The ex_tcb class hierarchy is used to represent compile-time state of relational operators. The query plan is represented as a tree of ex_tcb objects. Each node in the plan is some leaf in this class hierarchy which represents the semantics of a particular operator. At fix-up time, Trafodion creates a parallel hierarchy of ex_tdb objects which contain the run-time state of particular operators. For most operators, there is a one-to-one correspondence between an ex_tcb object and an ex_tdb object. Exceptions are operators that deal with parallelized inter-process communication. For example, the "split bottom" operator combines n partitions of a stream of data from lower level fragments into one stream in the current, parent fragment. There is one ex_tdb object for each of the partitions, but one ex_tcb object for the operator as a whole.

ex_clause Class Hierarchy

The ex_clause class is the base class for all individual scalar operations. A scalar expression consists of a sequence of objects from the ex_clause hierarchy. Both compile time and run-time state may be stored within an ex_clause object.

...

There does not seem to be any advantage in using ex_like_clause_base as a base class for REGEXP also, nor does there seem to be a useful run-time abstraction common to LIKE and REGEXP beyond that already represented by ex_clause. Too, we decided not to do a run-time implementation for double-byte character set values; instead we decided to translate these values to UTF8 in the query plan. We will create a class hierarchy ExRegexpClauseBase that parallels the ex_like_clause_base class, but lacking a double-byte leaf class.

Memory Management

The Compiler and Executor use an optimized memory management scheme. Both create many objects per SQL statement. We sometimes avoid the overhead of calling the destructors on most of these objects by placing them in customized heaps, which we simply throw away en masse.

...

For another example, if we have a class that does not inherit from NABasicObject, we must be very careful about using such a class from an Executor class to avoid memory and other resource leaks. In our example, we are using a class RE2 from the RE2 package. If we create this object as a stack variable, we are assured it will be destroyed when it goes out of scope. On the other hand, if we wish to create this object on the C++ heap, we must track its creation outside the plan fragment, and have the agent that destroys the plan fragment's heap destroy this object also.

Error Messages

Our implementation will result in some new error checks. Also, in doing the work incrementally from the parser forward, we will want to issue a stub error message at the point where our changes stop. So, here is some general information about error message generation and handling in the Compiler and Executor.

The Compiler and Executor both use class ComDiagsArea to manage error information. The execution model in both is that when an error occurs, information about the error is inserted into ComDiagsArea, and the calling method typically returns. Later processing often checks to see if any errors have been raised before proceeding.

Creating an Error

To create an error, one uses the << operator to insert a stream of DgBase objects into a ComDiagsArea object. DgBase is a class hierarchy; the leaf classes define different tokens associated with the error. The first DgBase object in the stream is a DgSqlCode object which gives the (integer) SQL error code associated with the error. The remaining DgBase objects vary depending on what SQL error is raised.

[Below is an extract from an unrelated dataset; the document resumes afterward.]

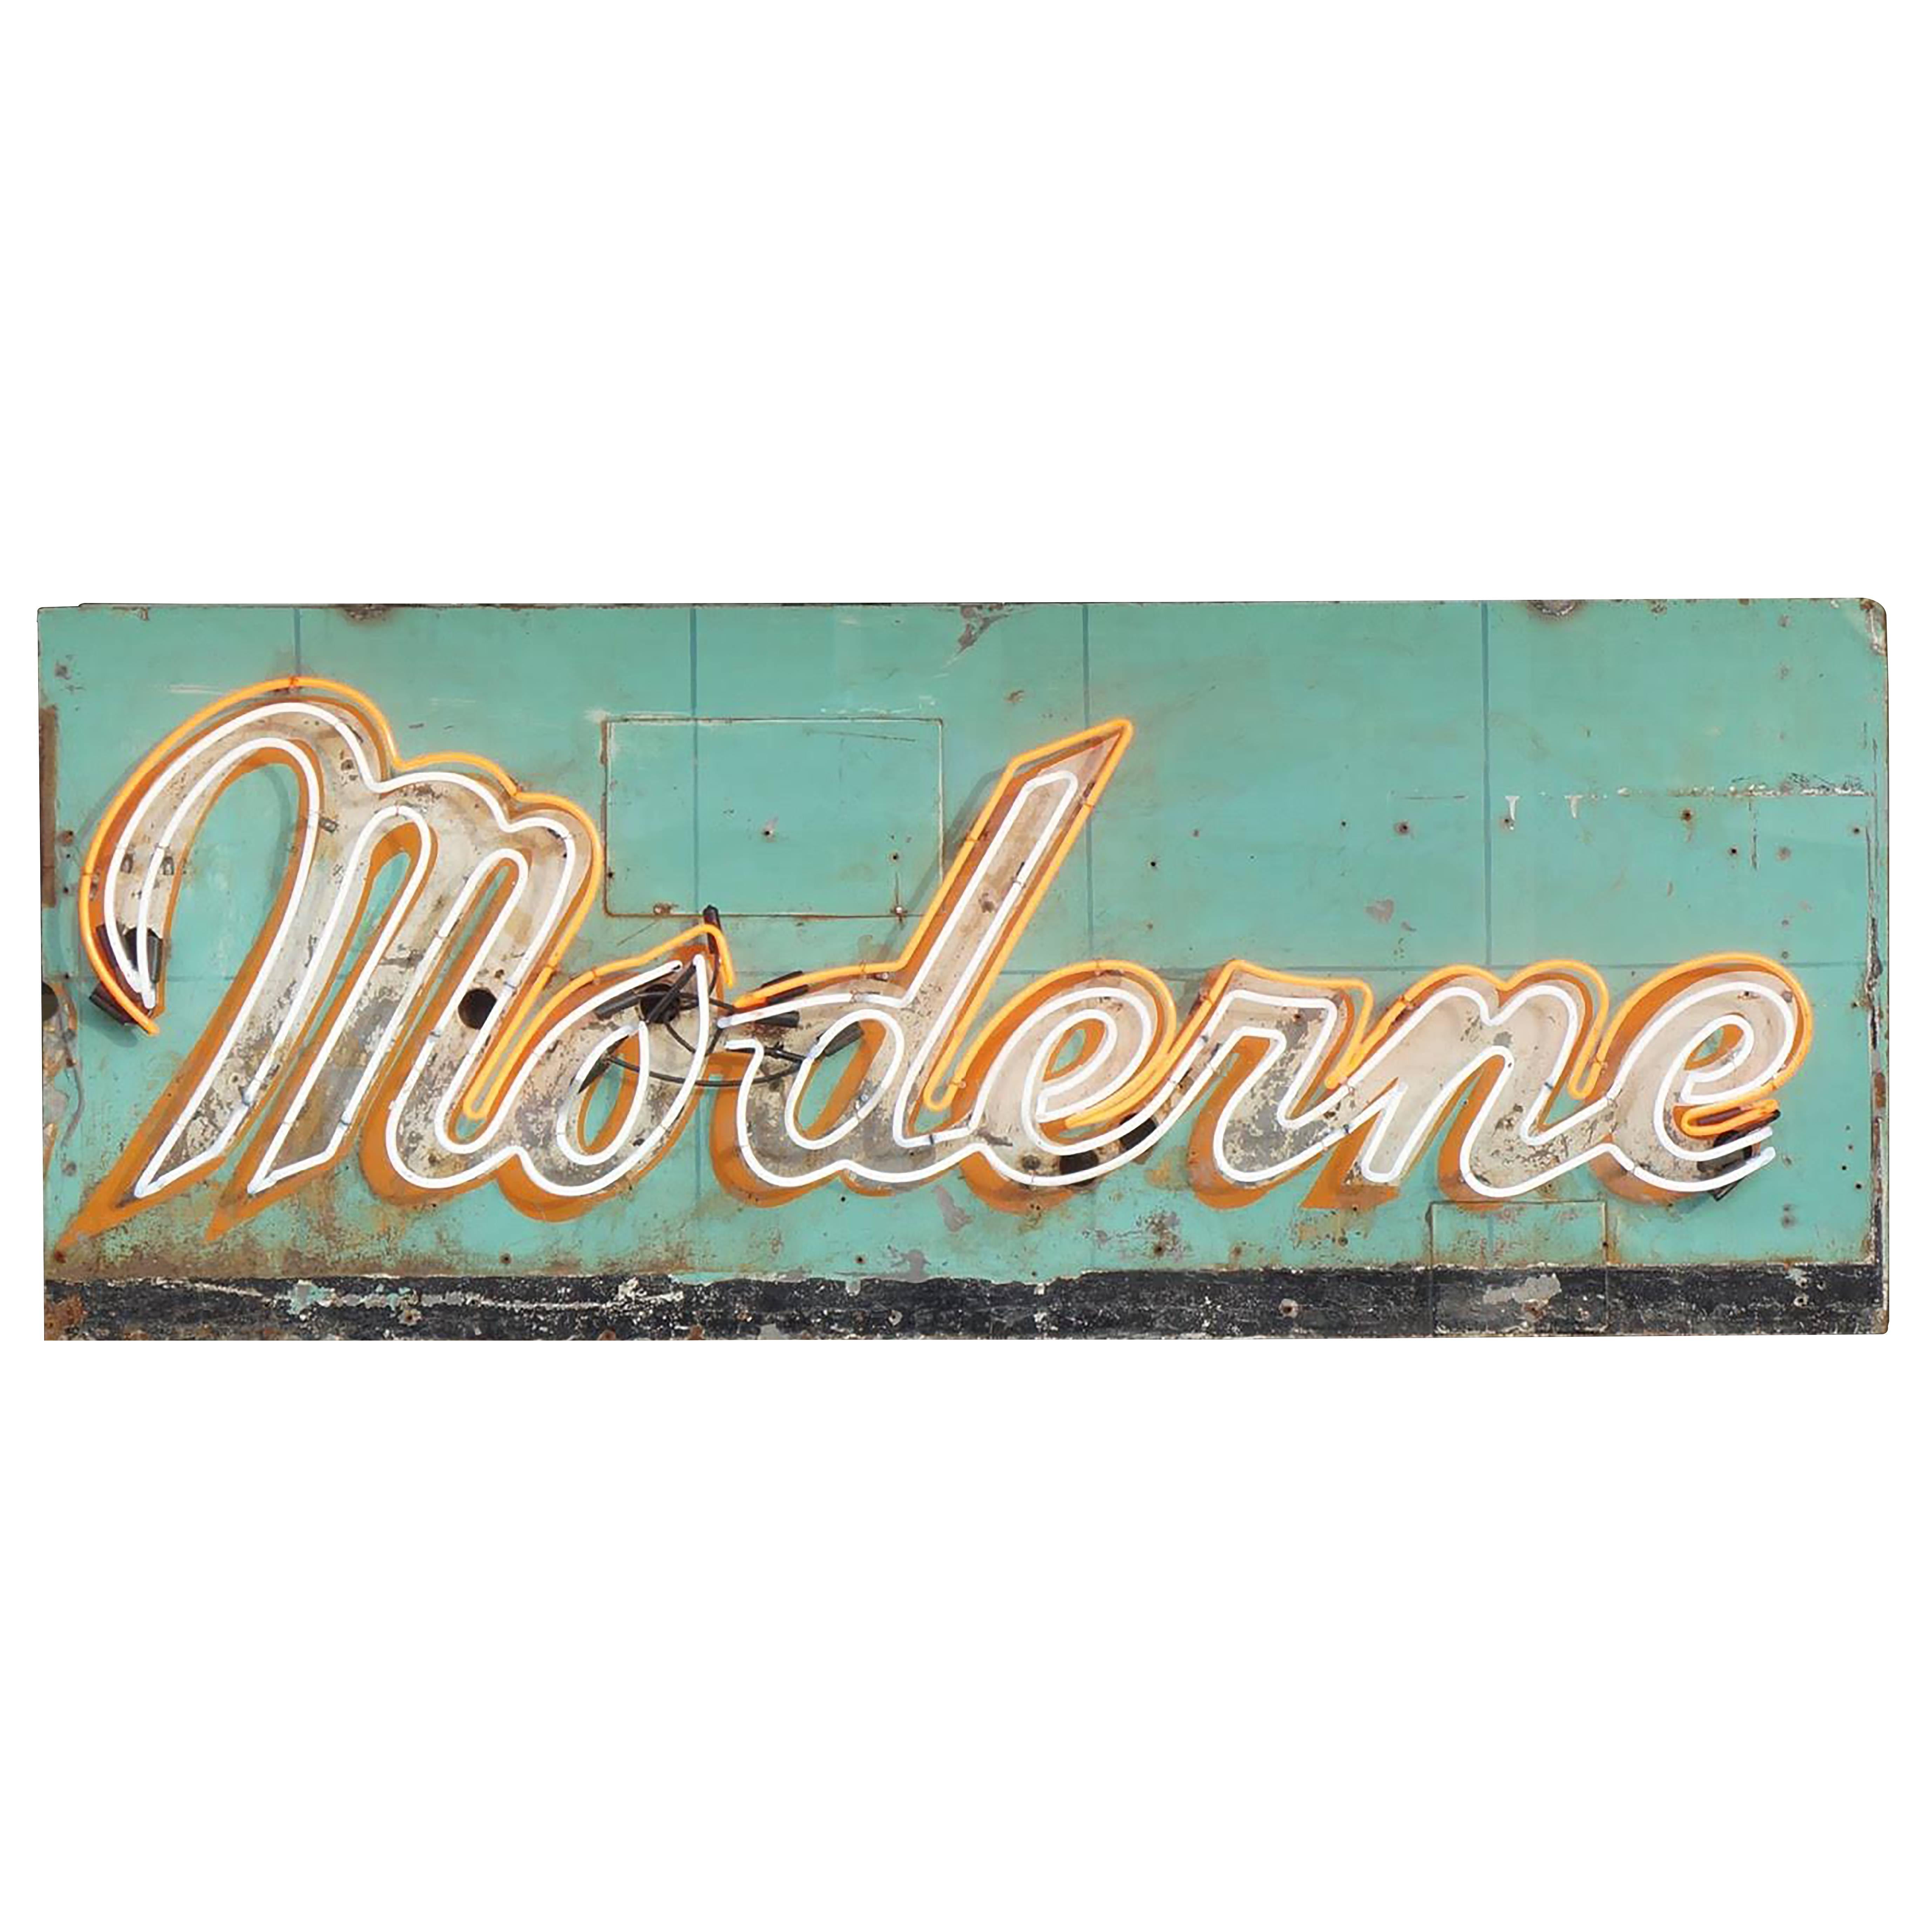 1940s "Moderne" Neon Sign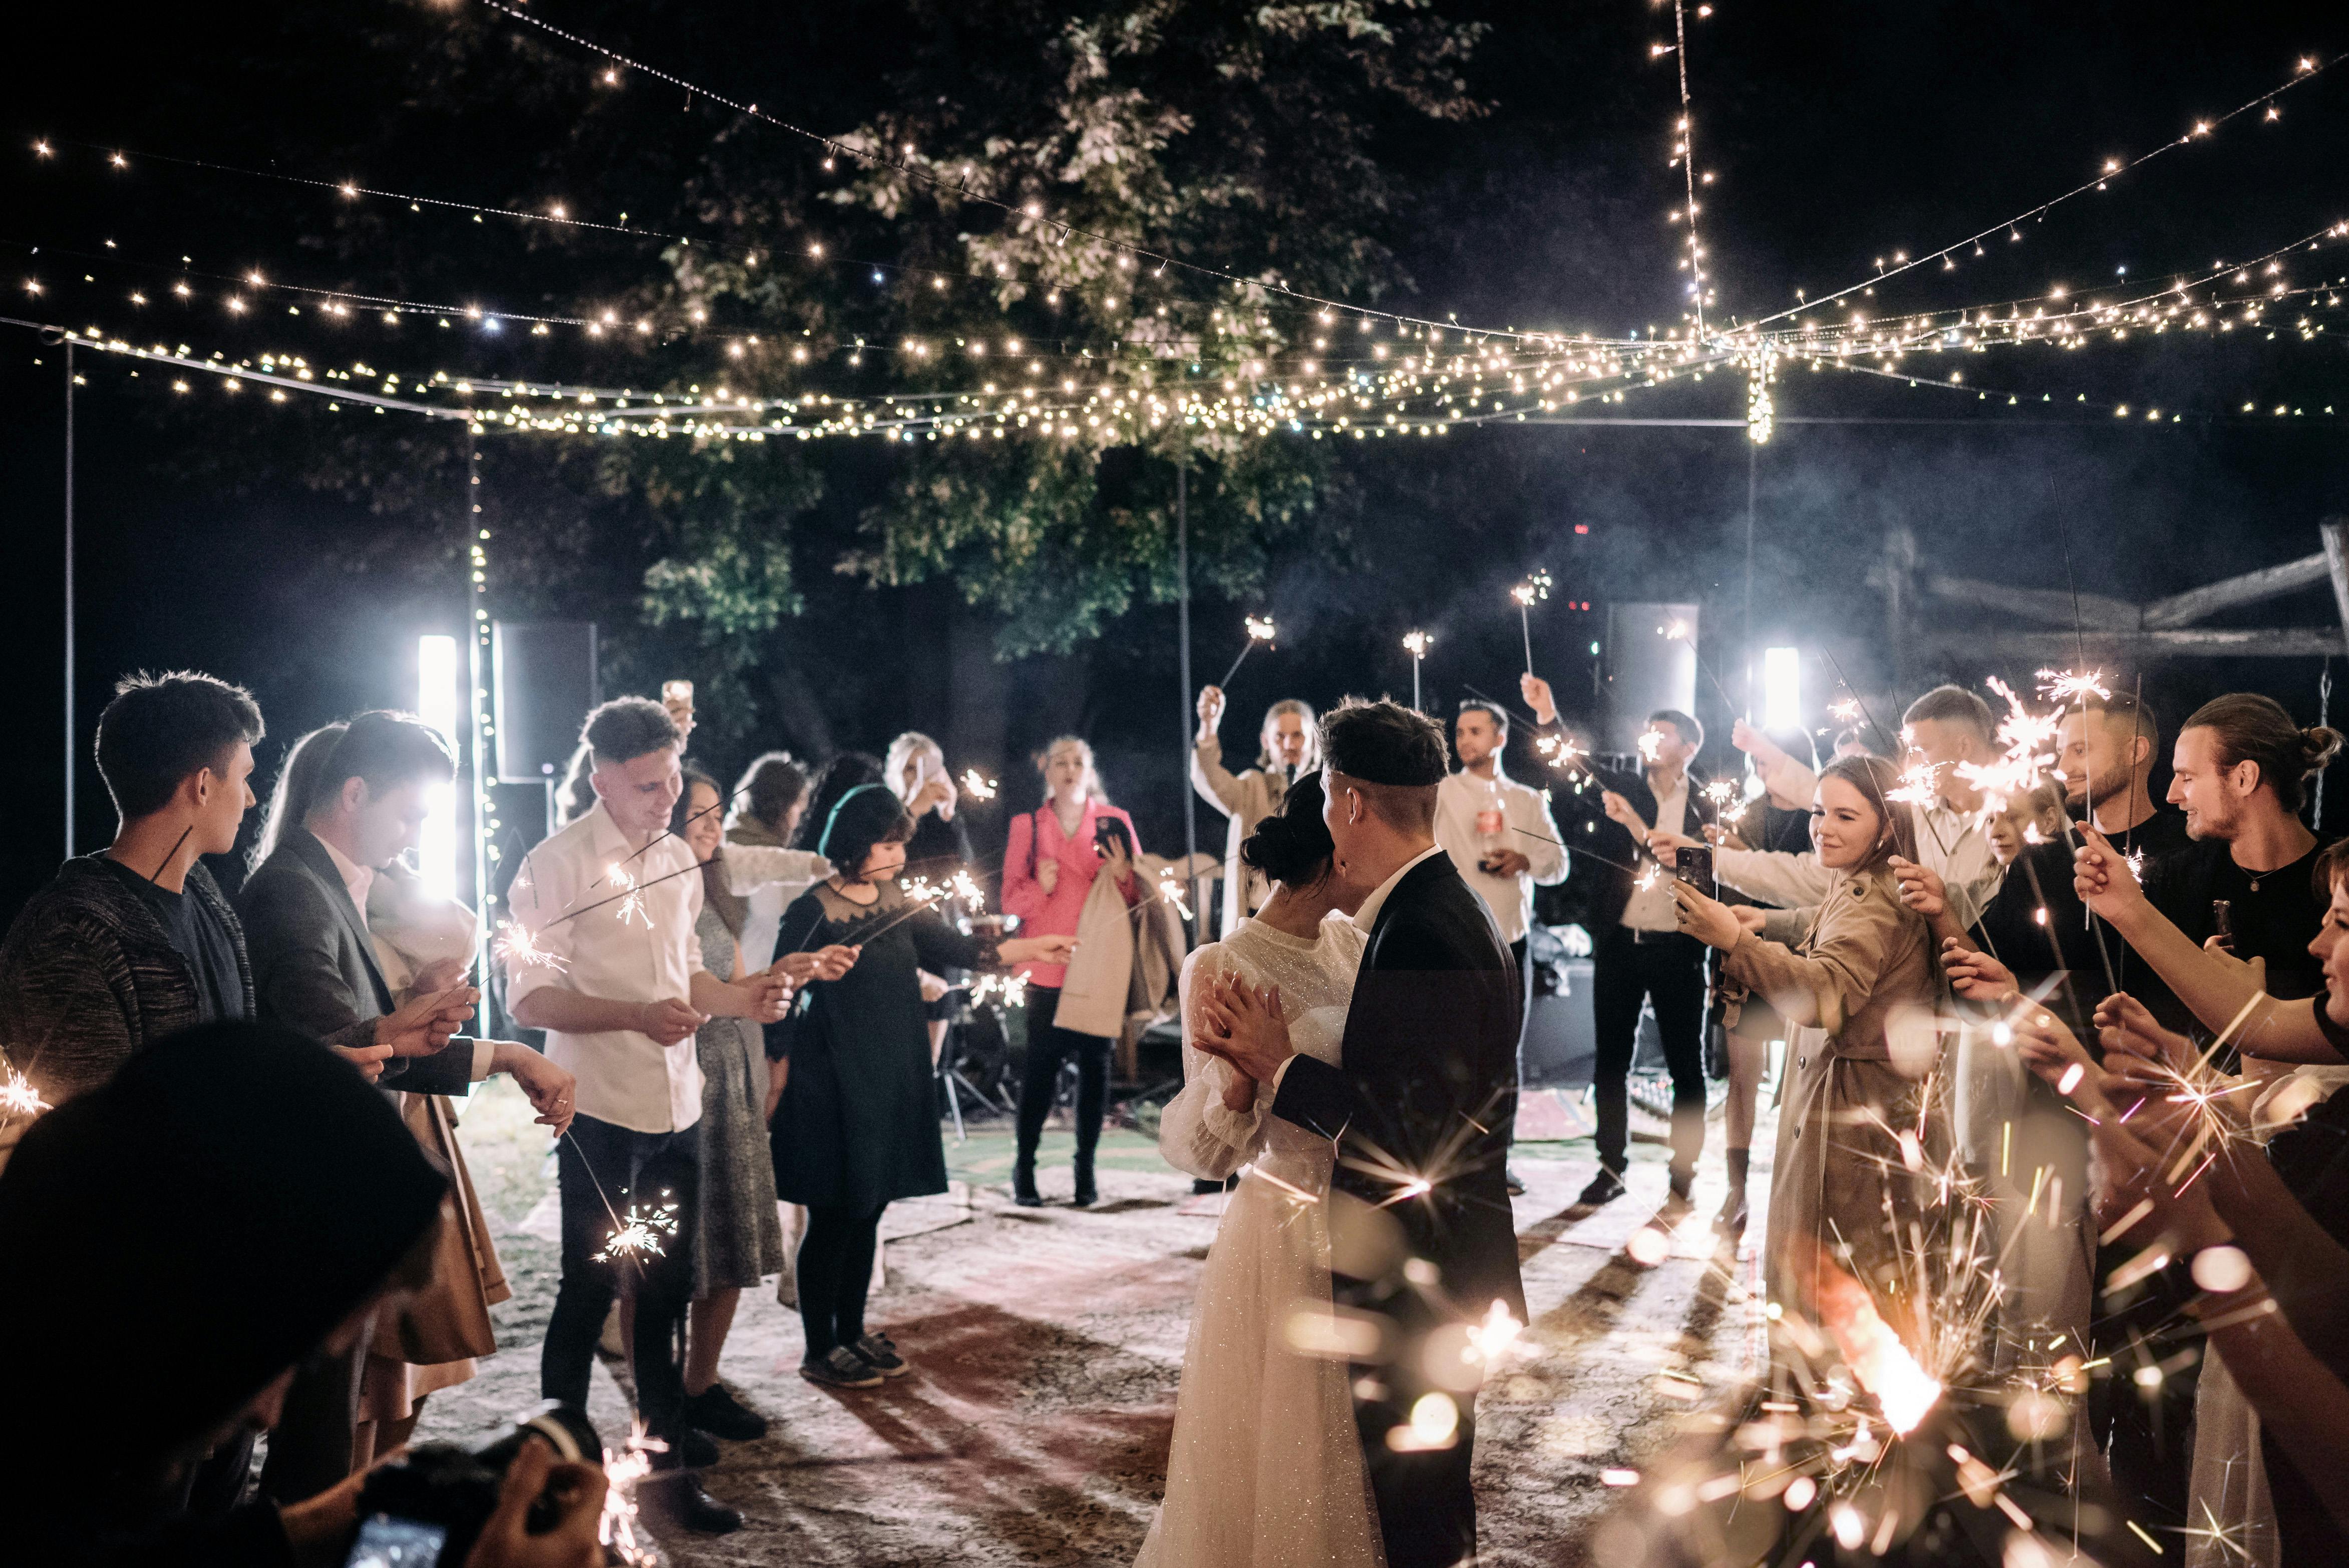 Wedding party | Source: Pexels

For example, an error complaining that a column does not exist in a given table would have a DgColumnName object naming the column, and a DgTableName object naming the table. Below is example code creating an error taken from sql/optimizer/BindItemExpr.cpp:

...

The ComDiagsArea class definition and the declaration of the << operator are in file sql/export/ComDiagsArea.h. One interesting thing to note about ComDiagsArea is that it inherits from IpcMessageObj. This is because we sometimes pass error information across process boundaries. The DgBase class hierarchy is defined in file sql/common/DgBaseType.h.

Defining the Text for an Error

SQL errors are usually presented to end users in text form. The code that translates error diagnostics to text form uses a template file found in sql/bin/SqlciErrors.txt. There is a line in this file for each SQL error code. The format of each line is:

...

  • 1000-1999 are reserved for DDL errors.
  • 2000-2999 are reserved for Compiler main errors.
  • 3000-3999 are reserved for Parser errors.
  • 4000-4999 are reserved for Binder errors.
  • 5000-5999 are reserved for Normalizer errors.
  • 6000-6999 are reserved for Optimizer errors.
  • 7000-7999 are reserved for Generator errors.
  • 8000-8999 are reserved for Executor errors.
  • 9200-9250 are reserved for the UPDATE STATISTICS utilities.
  • 10000-10199 are reserved for Sort errors.
  • 11000-11099 are reserved for run-time Triggers errors.
  • 11100-11199 are reserved for UDR server errors.
  • 11200-11299 are reserved for Language Manager errors.
  • 12000-12499 are reserved for Materialized View errors.
  • 13000-13999 are reserved for SQL Preprocessor errors.
  • 15000-15099 are reserved for Sqlci errors.
  • 15200-15999 are reserved for Report Writer errors.
  • 19000 and up are used by various utilities.

REGEXP Run Time Internals

We use the open source RE2 package for run-time semantics. The eval method of our new ExRegexpClauseChar class will create an RE2 object on the stack, pass the regular expression and the value to be matched to it, and handle the results passed back.

RE2 does not support UCS2. Rather than adding such support, it seems simpler to convert UCS2 strings in the query plan to UTF8 strings instead, and use the UTF8 support in RE2.

The Code Changes

Here we list the code changes to implement REGEXP.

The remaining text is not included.